About Mitral Valve Regurgitation

Mitral valve regurgitation is a common heart disorder that occurs when the mitral valve of the heart doesn’t close properly. When a person has mitral valve regurgitation, blood flows backward into the atrium—instead of forward into the ventricle—as the heart contracts. This abnormal blood flow signals the heart to pump harder to get more blood out and into the body, which causes stress on the body.

What are the signs and symptoms of mitral valve regurgitation?

How would you know if your heart isn’t pumping blood effectively? For some people, mitral valve regurgitation occurs suddenly after a heart attack or structural problem related to the mitral valve. For many others, though, symptoms develop gradually.

People with mitral valve regurgitation may experience:

  • Shortness of breath, particularly during activity or when lying down
  • Fatigue, particularly during activity
  • Heart murmurs
  • Heart palpitations
  • Lightheadedness
  • Swollen feet or legs
What can happen if mitral valve regurgitation isn’t treated?

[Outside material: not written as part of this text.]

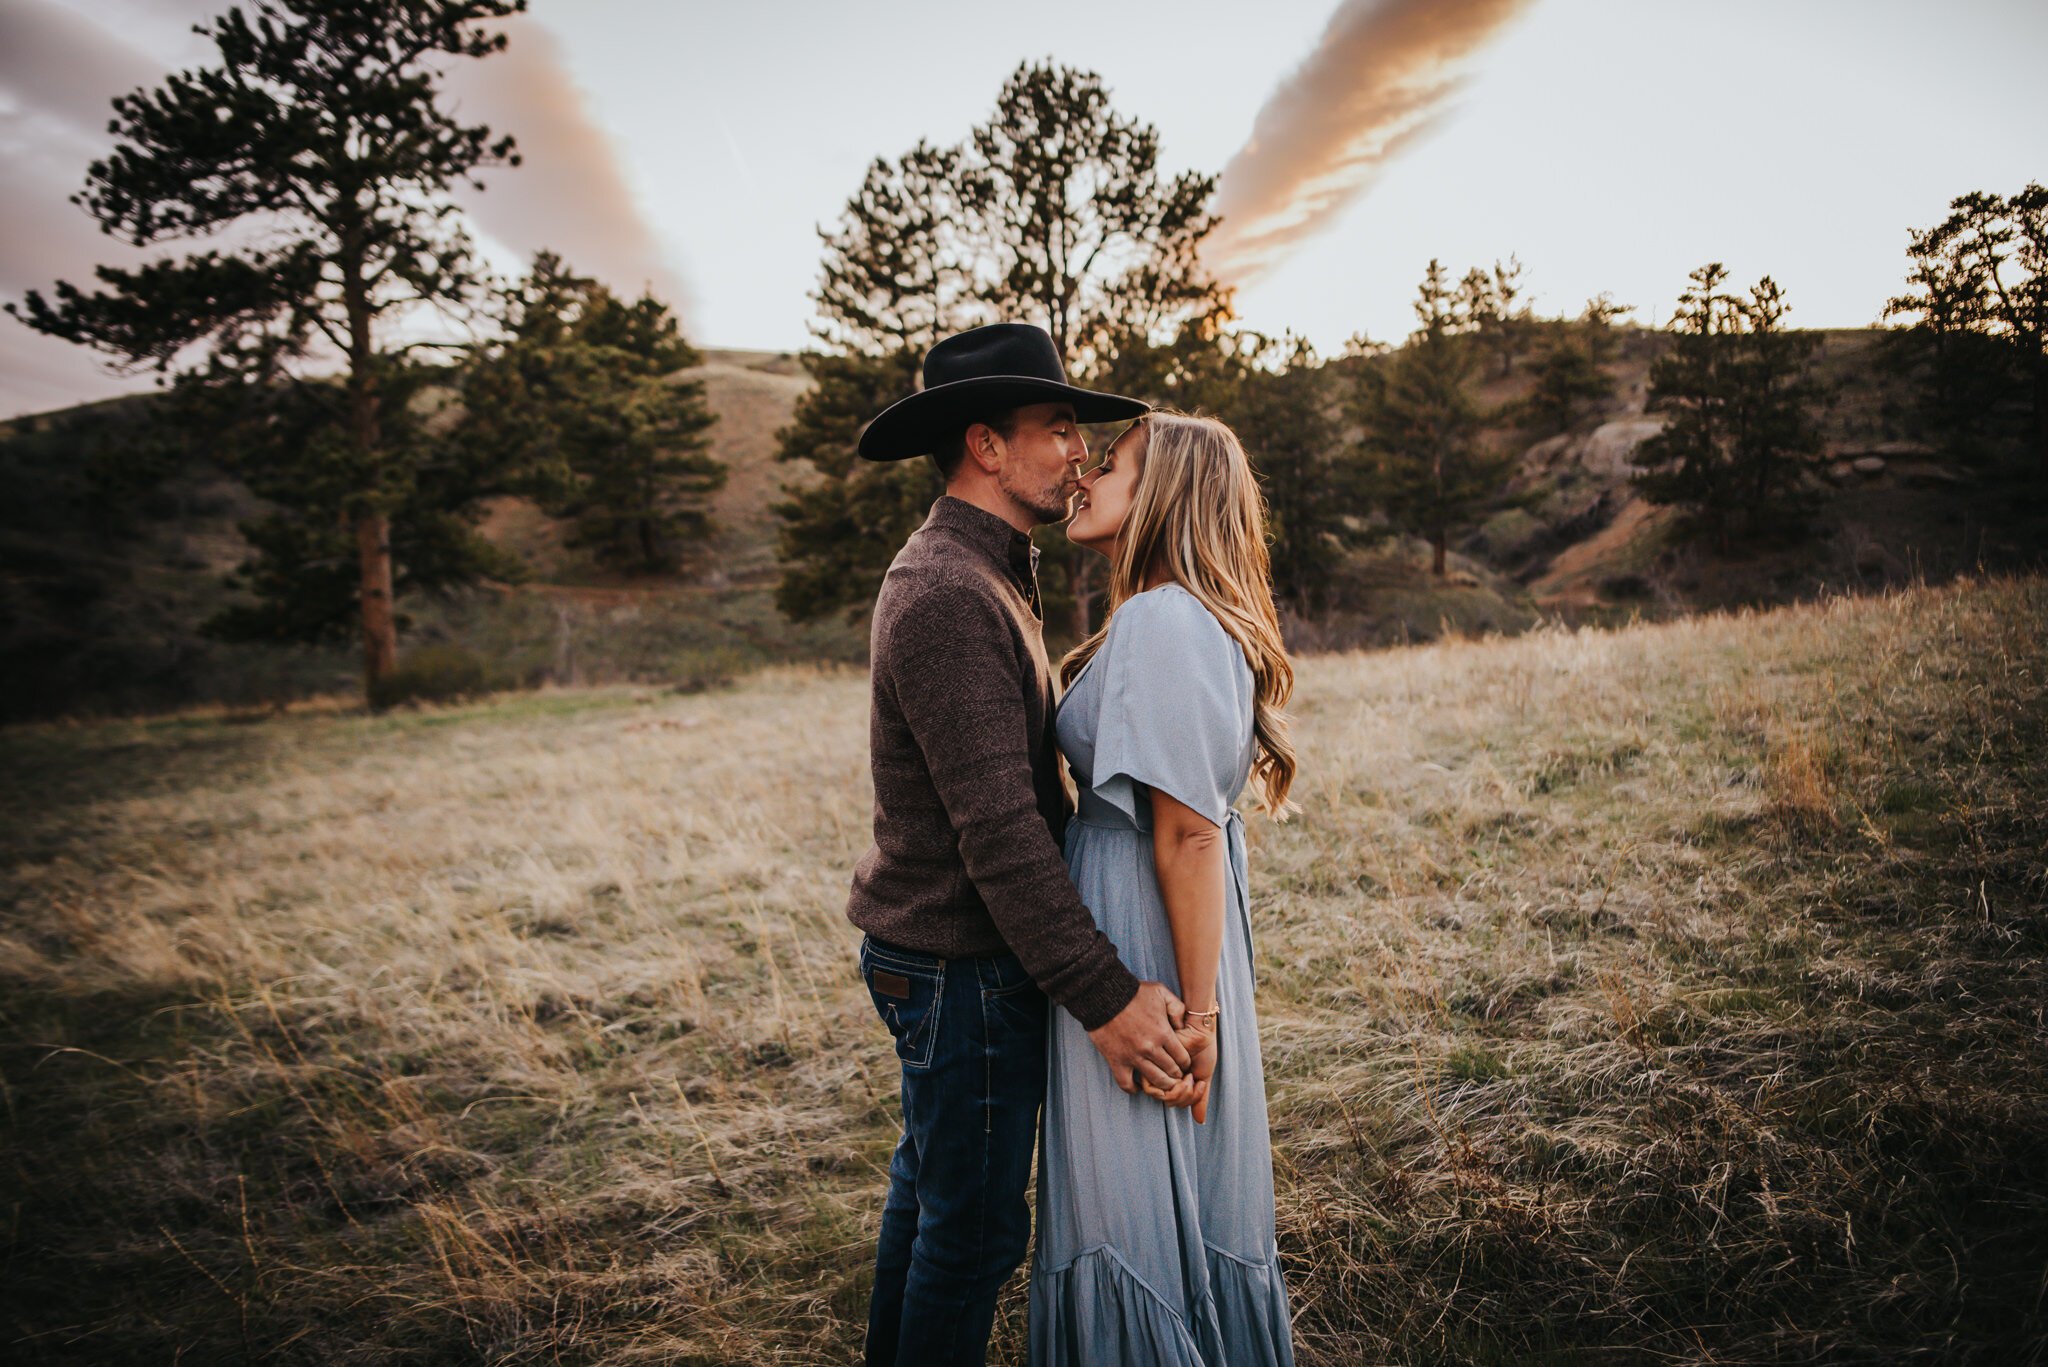 Shelby+and+Brady+Engagement+Session+Cheyenne+Wyoming+Sunset+Water+Fields+Rocks+Nature+Colorado+Photographer+Wild+Prairie+Photography-36-2020.jpeg
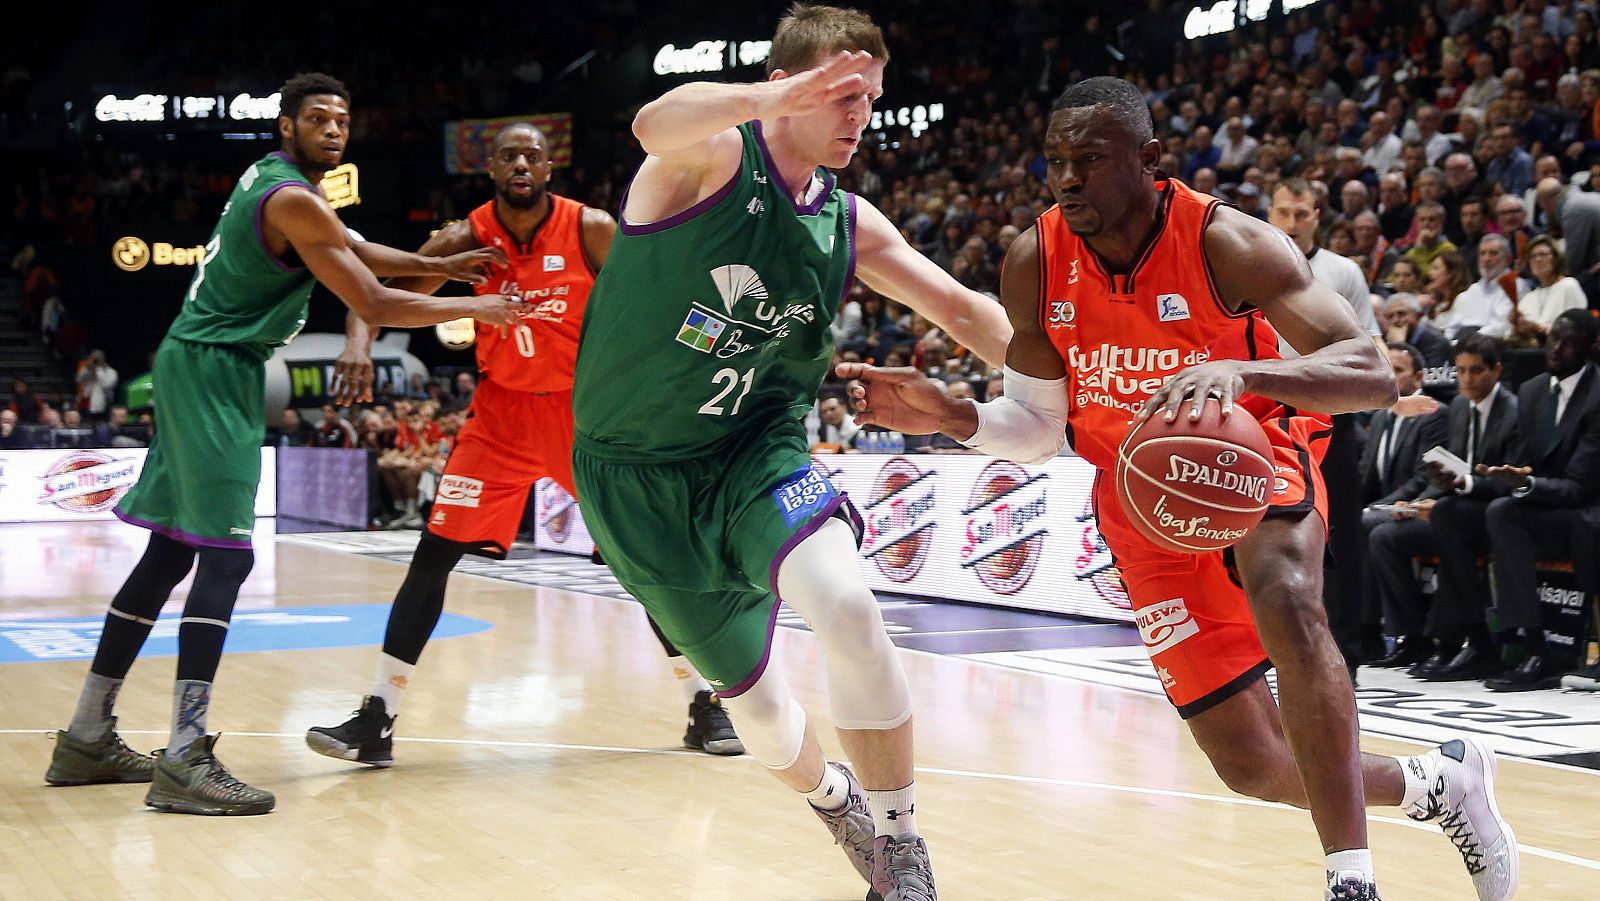 El alero centroafricano del Valencia Basket Romain Sato trata de vencer la defensa del alero polaco del Unicaja Adam Wacynski.

Only you and your cardiologist can determine the best next steps for your condition; however, mitral valve regurgitation can lead to more serious complications, like an enlarged heart or heart failure. Moreover, patients suffering from mitral valve regurgitation often report a significant improvement in their quality of life after treatment for the disorder.

MitraClip for Mitral Valve Regurgitation

A specialized treatment option for mitral valve regurgitation, MitraClip provides patients with a less invasive alternative than open heart surgery, limiting recovery times and providing an incredible option for so many patients who were not candidates for open surgery. These patients experience an improved quality of life and fewer hospitalizations for heart failure symptoms.

How does MitraClip work?

During the procedure, a skilled interventional cardiologist threads a small tube (called a catheter) to your heart through a vein in your groin.  Using the catheter, the cardiologist places a small clip or multiple clips on the mitral valve to lessen or eliminate leakage.

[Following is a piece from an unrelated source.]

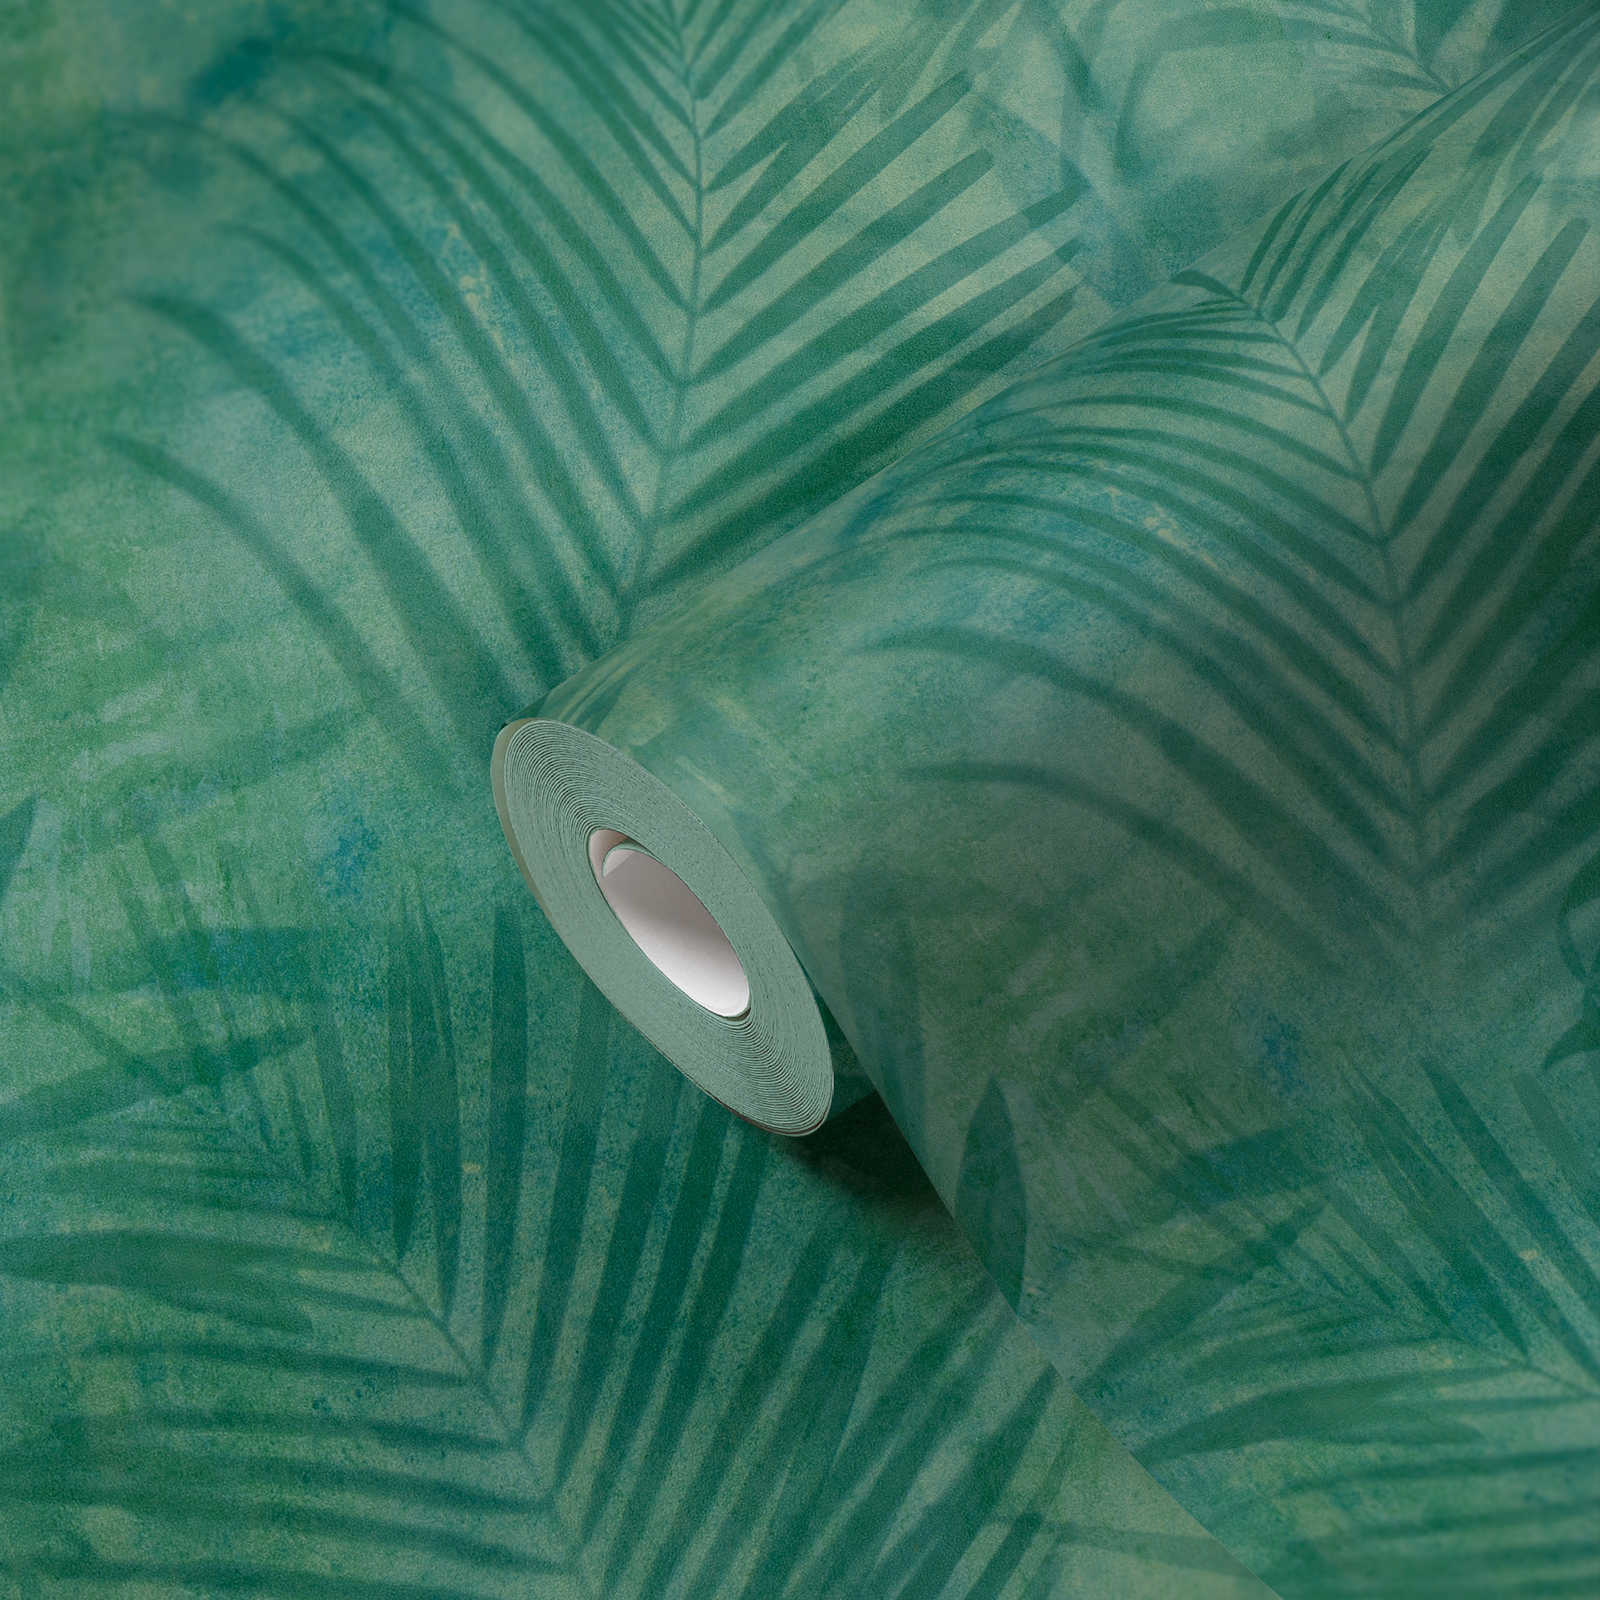             papel pintado con motivos de palmeras en aspecto de lino - verde, azul, amarillo

What does recovery look like after MitraClip?

Usually the procedure only takes one to three hours, and most patients will go home in one to three days. Most patients will feel a noticeable improvement in their day-to-day activities and quality of life after this surgery. However, we recommend that all of our patients who undergo MitraClip surgery enroll in our certified Cardiac Rehab program. This program is specially designed for patients with heart disease to help support better outcomes from their surgery and promote a longer, more fulfilling life.

How do I know if I should get Mitraclip or if I should have heart surgery?

Georgia Heart Institute offers leading expertise in mitral valve disease through our Structural Heart Center’s Mitraclip program and our nationally-renowned expertise in robotic mitral valve surgery. Ultimately, the option that is best for you will be determined between you, your family and your cardiologist, but our patients can rest assured knowing that they have access to some of the best options in the region to treat this disease.

It’s best to get started with our Structural Heart Center, and our doctors will refer you to one of our NGPG cardiothoracic surgeons if its determined that robotic mitral valve repair will lead to the best outcomes for you.

Why choose Georgia Heart Institute?

At Georgia Heart Institute, we have a specialized care team, including doctors specializing in structural heart disorders, a dedicated patient navigator and a program coordinator, all with specific expertise to help patients with complex heart conditions, like mitral valve regurgitation, find treatment options that can extend their life and improve their health.